You have the right to ask us to place restrictions on the way we use or disclose your PHI for treatment, payment or health care operations or as described in the section of this notice entitled "Other Permitted Or Required Uses And Disclosures of PHI." We are not, however, required by law to agree to these requested restrictions. If we do agree to a restriction, we may not use or disclose your PHI in violation of that restriction, unless it is related to an emergency. We may ask that you request these limits in writing.

Right to receive SWHP's Notice of Privacy Practices

You have a right to receive a paper copy of the Notice of Privacy Practices upon request at any time and you may also view a copy of the Notice on our member web site at www.swhp.org.

Rights under state law

You may be entitled to additional rights under state law.

V. HOW TO OBTAIN INFORMATION ABOUT THIS NOTICE OR COMPLAIN ABOUT OUR PRIVACY PRACTICES

To request a copy of this Notice of Privacy Practices at any time, or obtain additional information about this notice, you may contact:

Scott & White Health Plan
2401 S. 31st Street
Temple, Texas 76508
(254) 298-3000, (800) 321-7947

If you believe your privacy rights have been violated, you may file a written complaint with:

Privacy Officer, SWHP, 2401 S. 31st St. Temple, TX 75608 or by contacting this office at 254-298-3000 or 800-321-7947.

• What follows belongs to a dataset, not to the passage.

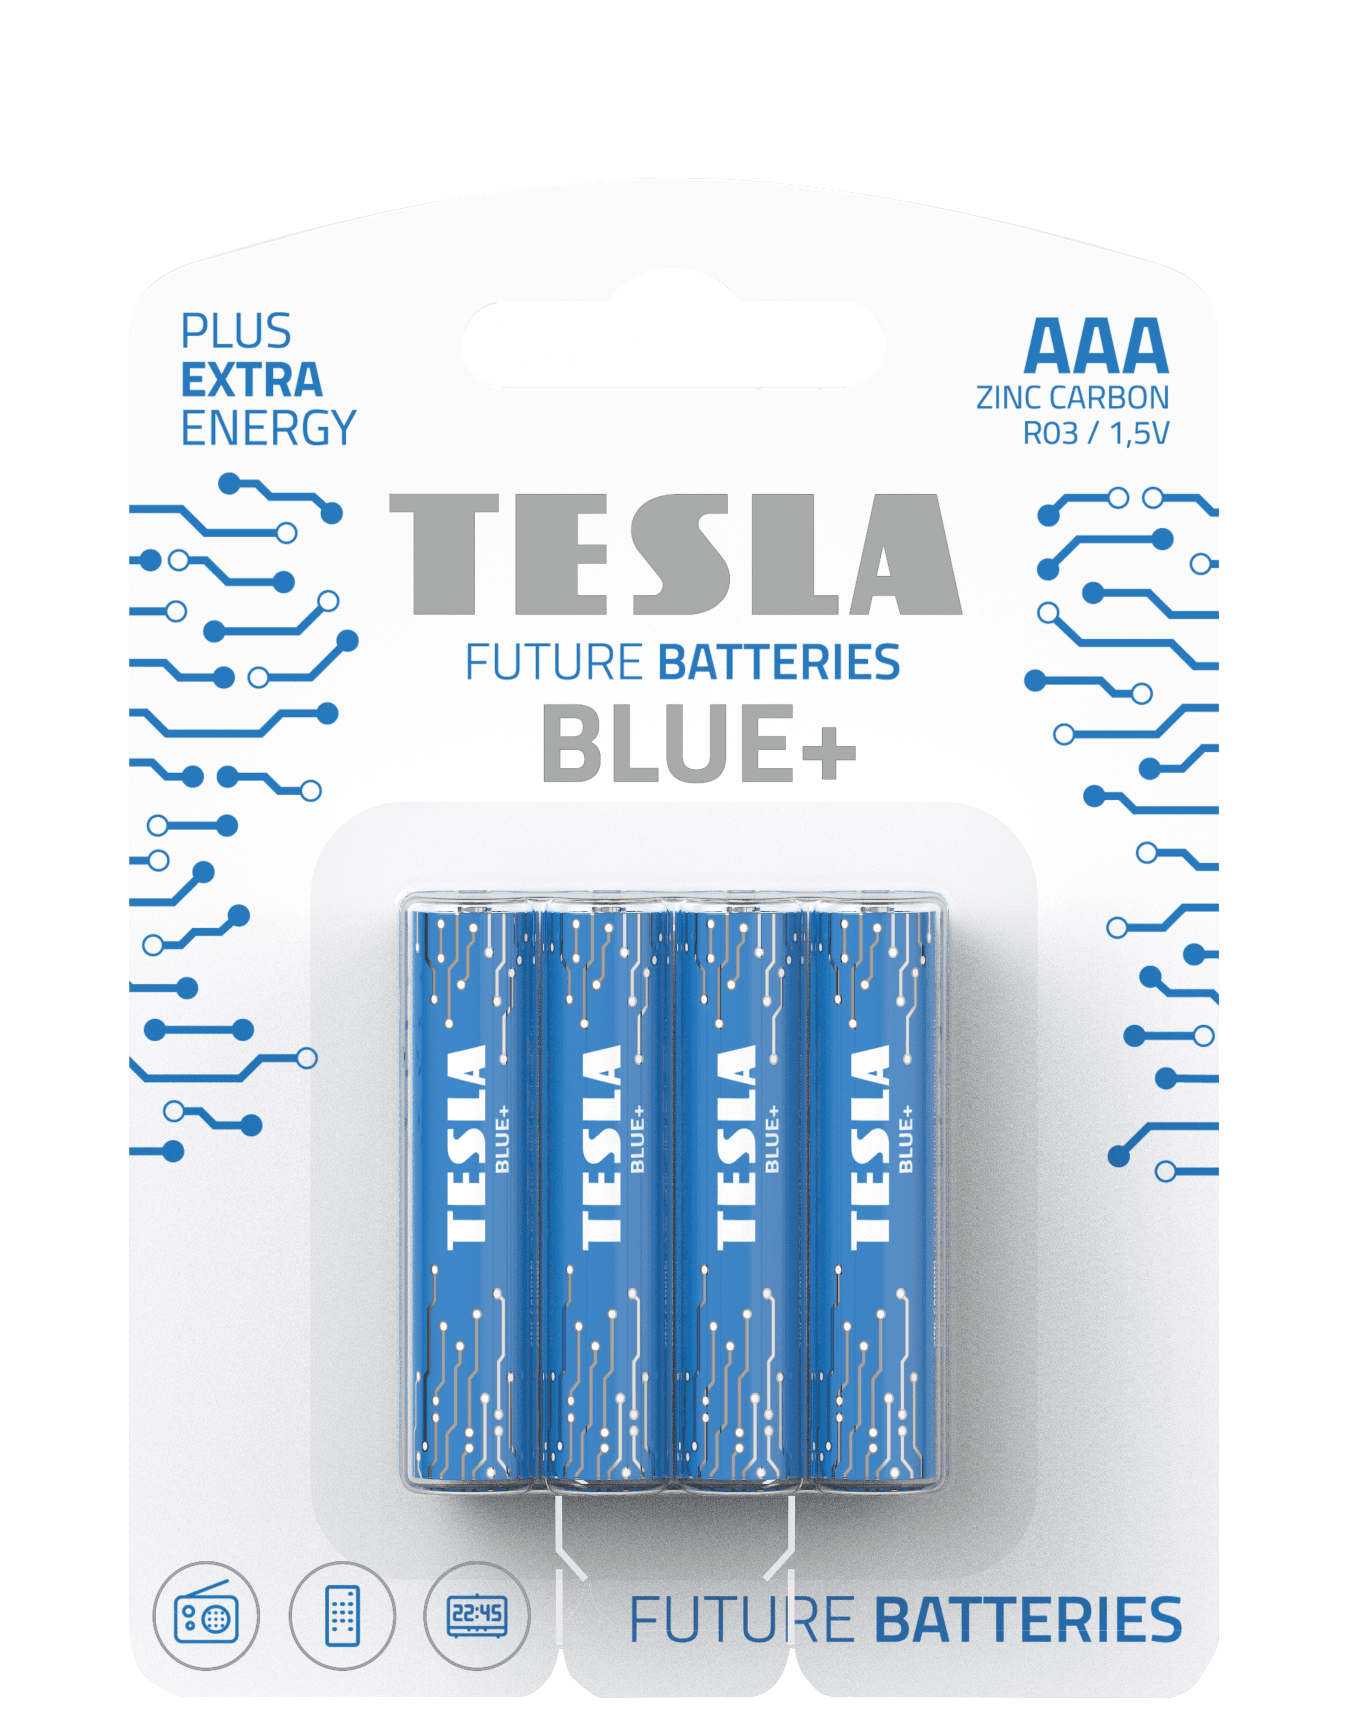 Zinc-carbon batteries TESLA AAA/R03/1,5V 4pcs BLUE+

You may also notify the Secretary of the Department of Health and Human Services (HHS). SWHP will not take retaliatory action against you if you file a complaint about our privacy practices either with HHS or SWHP.

VI. CHANGES TO THIS NOTICE

We may make a change to this notice and our privacy practices at any time, as long as the change is consistent with our current privacy policies or state or federal law. If we make an important change to our policies, we will promptly provide you with the new notice by mail and post it on our website.

VII. EFFECTIVE DATE OF THIS NOTICE

The effective date of this notice is April 14, 2003, and the first revision became effective on January 1, 2009.